A few experimental works on the measurements of the thermophysical properties of nanofluids have been reported, and relevant theoretical models have been developed to predict the correlations between nanofluid and base fluid in terms of various factors, such as particle volume concentration, particle size, particle type, and the properties of base fluid. In [6,7,8,9], when studying the effect of nanoparticle concentration on thermal conductivity enhancement, the authors found that the thermal conductivity enhancement increased nonlinearly with the nanoparticle concentration, while in [10,11,12,13,14], the correlation was found to be linear. In particular, Ceylan et al. [15] found that there exists a limit to nanoparticle loading for an enhancement in the thermal conductivity by suspending the Ag-Cu nanoparticles in pump oil. Beyond the maximum loading, the conductivity can be reduced to the base fluid thermal conductivity instead. For the effect of nanoparticle size, there has been a long-standing debate as to the relationship associated with thermal conductivity. In [16,17,18,19,20], it was found that thermal conductivity enhances with decreasing particle diameters. The main reason for this phenomenon is the mobility of nanoparticles, known as the Brownian velocity, that is inversely related to the particle size, which has been reported by Chon et al. [21]. However, the direct relationship between particle size and thermal conductivity enhancement has also been proven by many researchers [22,23,24,25]. Chen et al. [22] and Timofeeva et al. [26] suggested that the direct relationship is associated with higher thermal resistance at the particle–liquid interface and larger particle size. In addition to these two significant factors on thermal conductivity enhancement, other studies investigating the influence of other factors, such as particle type and base fluid properties, have not come to a uniform conclusion (see the reviews of [27,28]).
The prediction of the thermal conductivity of nanofluids is also a significant issue in the field of heat transfer. In examining the previous literature, most of the existing models are extensions of the classical models of Maxwell [29] and Hamilton et al. [30]. These classical models are applicable for statistically homogeneous and low-volume-fraction nanofluids with randomly dispersed, uniformly sized particles. However, the thermal conductivity is associated with the nanoscale mechanisms, and it is vital to consider the microconvections induced by Brownian motion in addition to particle diffusivity.

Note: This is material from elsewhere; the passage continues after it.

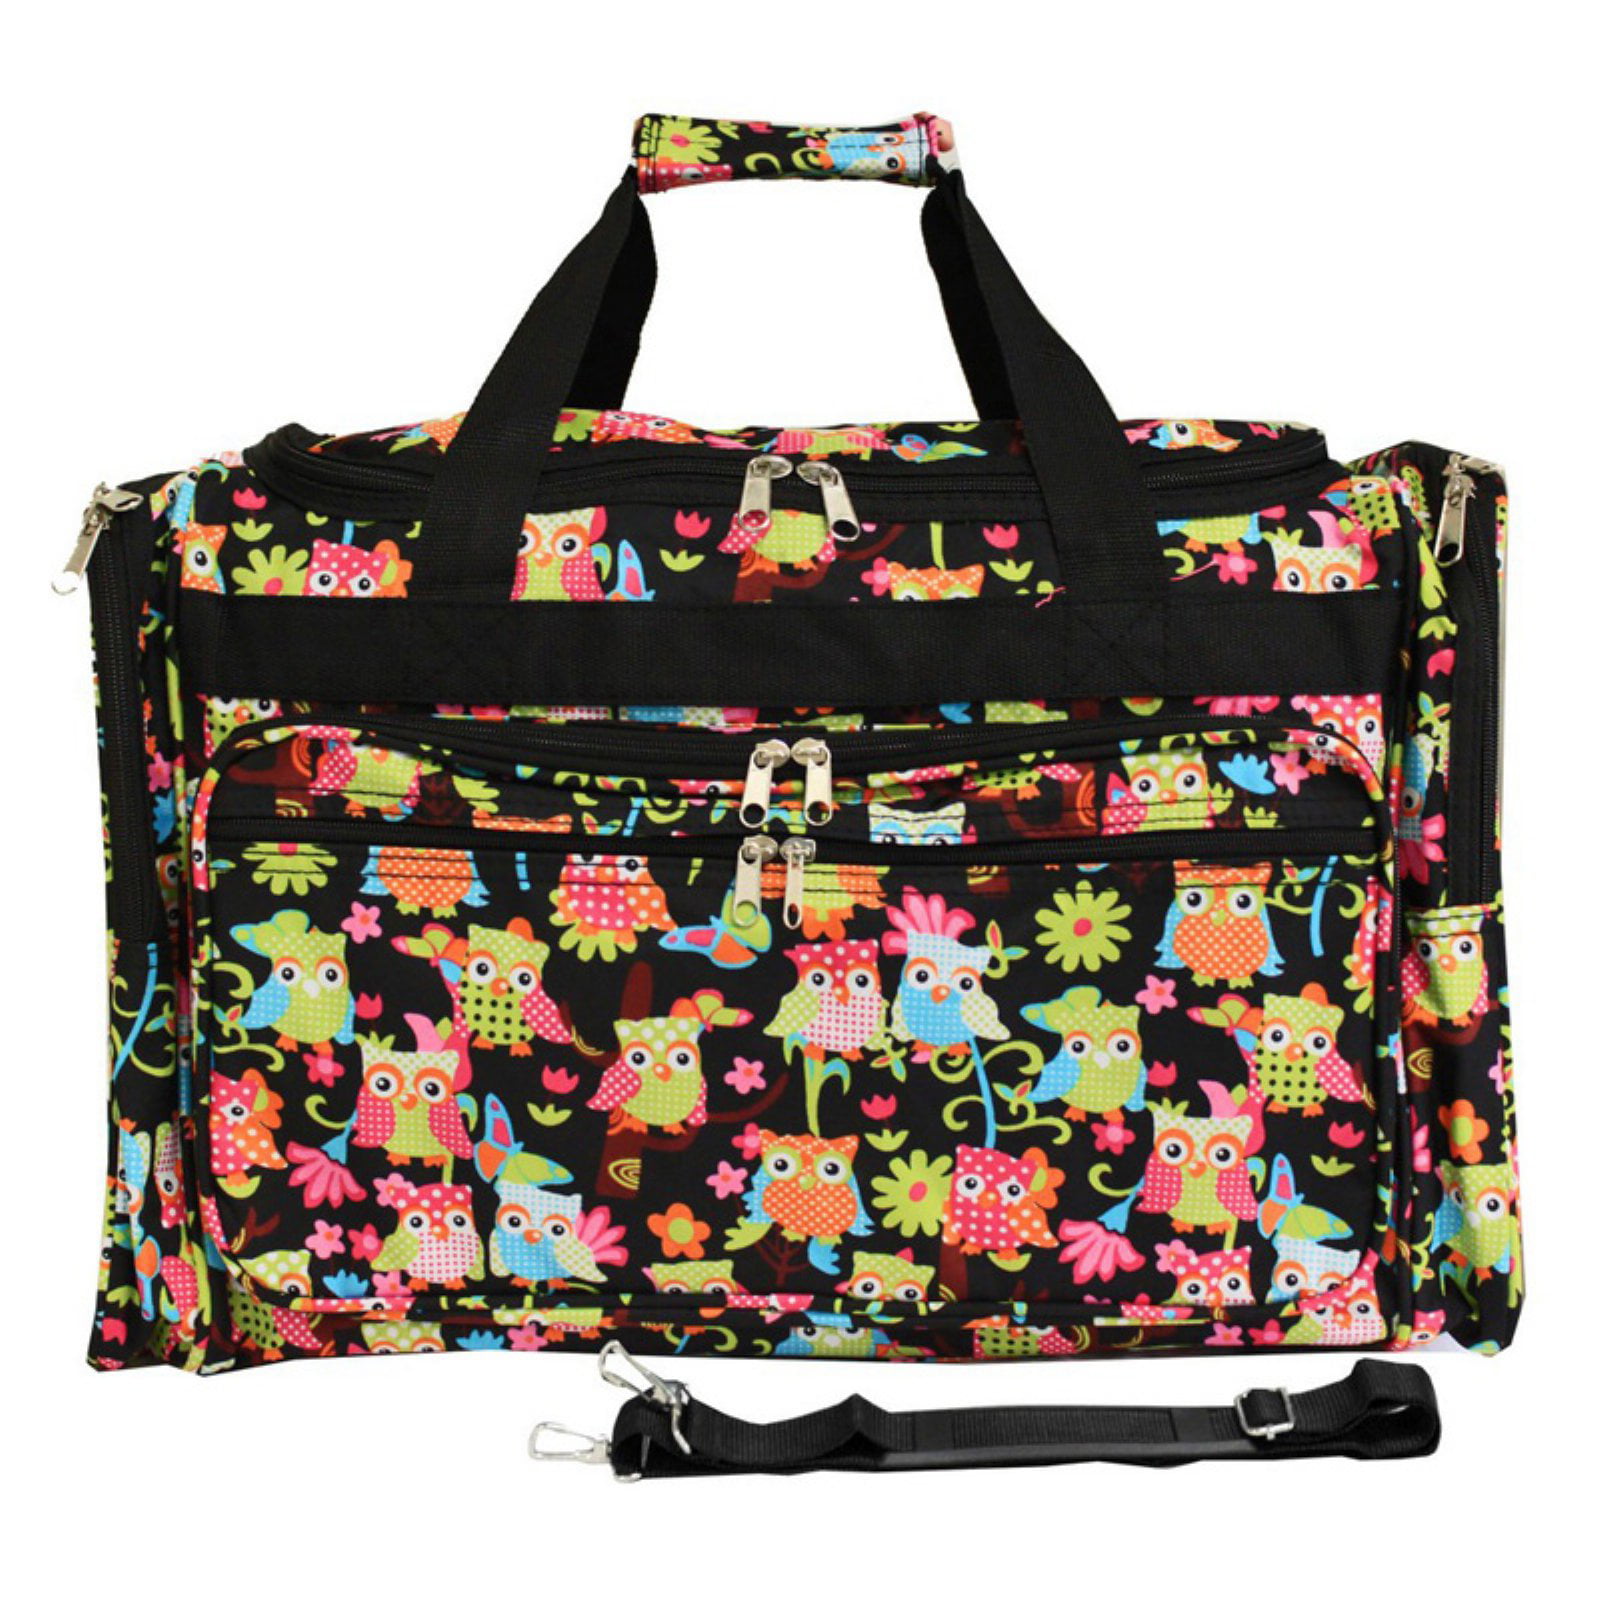  InterestPrint Travel Duffel Bag, Pink White spirals Twist Bags  for Men Women Travel Tote Waterproof Bag Luggage Bag Unisex Duffle Bag

In addition, for the nanoscale colloidal systems, there are electrostatic interactions between colloidal particles when using the electrolyte solution as the base fluid (such as molten salt) [31,32,33]. To improve the predictions, further research [34,35,36] identified and formulated the nanoscale mechanisms, including the effects of the nanoparticle–matrix interfacial layer, nanoparticle Brownian motion, and nanoparticle clusters/aggregates. Unfortunately, each of the various conclusions is typically applied to limited data, and there appears to be no agreed mechanism or theory to predict the improved thermal conductivity of nanofluids. Furthermore, none of the models mentioned above can compare the magnitude of the effect of different parameters on thermal conductivity.
In this paper, the thermal conductivity of water-based and ethanol-based nanofluids containing aluminum oxide, copper oxide, and monolayer graphene oxide was studied using the transient heat source method. This study aims to construct a novel model using dimensional analysis for assessing the magnitude of the effect of different elements, as well as to develop a semi-empirical formulation based on experimental data.

2. Experimental Method

2.1. Nanofluid Preparation

Nanoparticles are generally classified into three categories: metal oxide particles, metal nanoparticles, and carbon or carbide. To increase the comparability of the experiments, different commercial nanoparticles (from Xidian Chemical Technology, Tianjin, China), Al2O3 (5 nm, 50 nm, 100 nm), CuO (100 nm), and monolayer graphene oxide (thickness: 0.8 nm, 1 nm; sheet diameter: 0.5–5 μm), were chosen to prepare the nanofluids, with water and ethanol serving as the base fluids. The corresponding nanofluids were prepared using a two-step method. All chemicals were used without any additional purification. Before measuring the thermal conductivity of each sample, a Nanolink S900 nanoparticle sizer was used to check the uniformity of the particle distribution. Figure 1 shows two distinct particle size distributions of Al2O3–H2O nanofluids using the instrument. As seen in Figure 1, the particle size distributions of used nanofluids are all narrow and single-peaked without large particles or odd peaks. This indicates that the particles inside the nanofluids are uniformly distributed without agglomeration, which meets the experimental requirements of this study.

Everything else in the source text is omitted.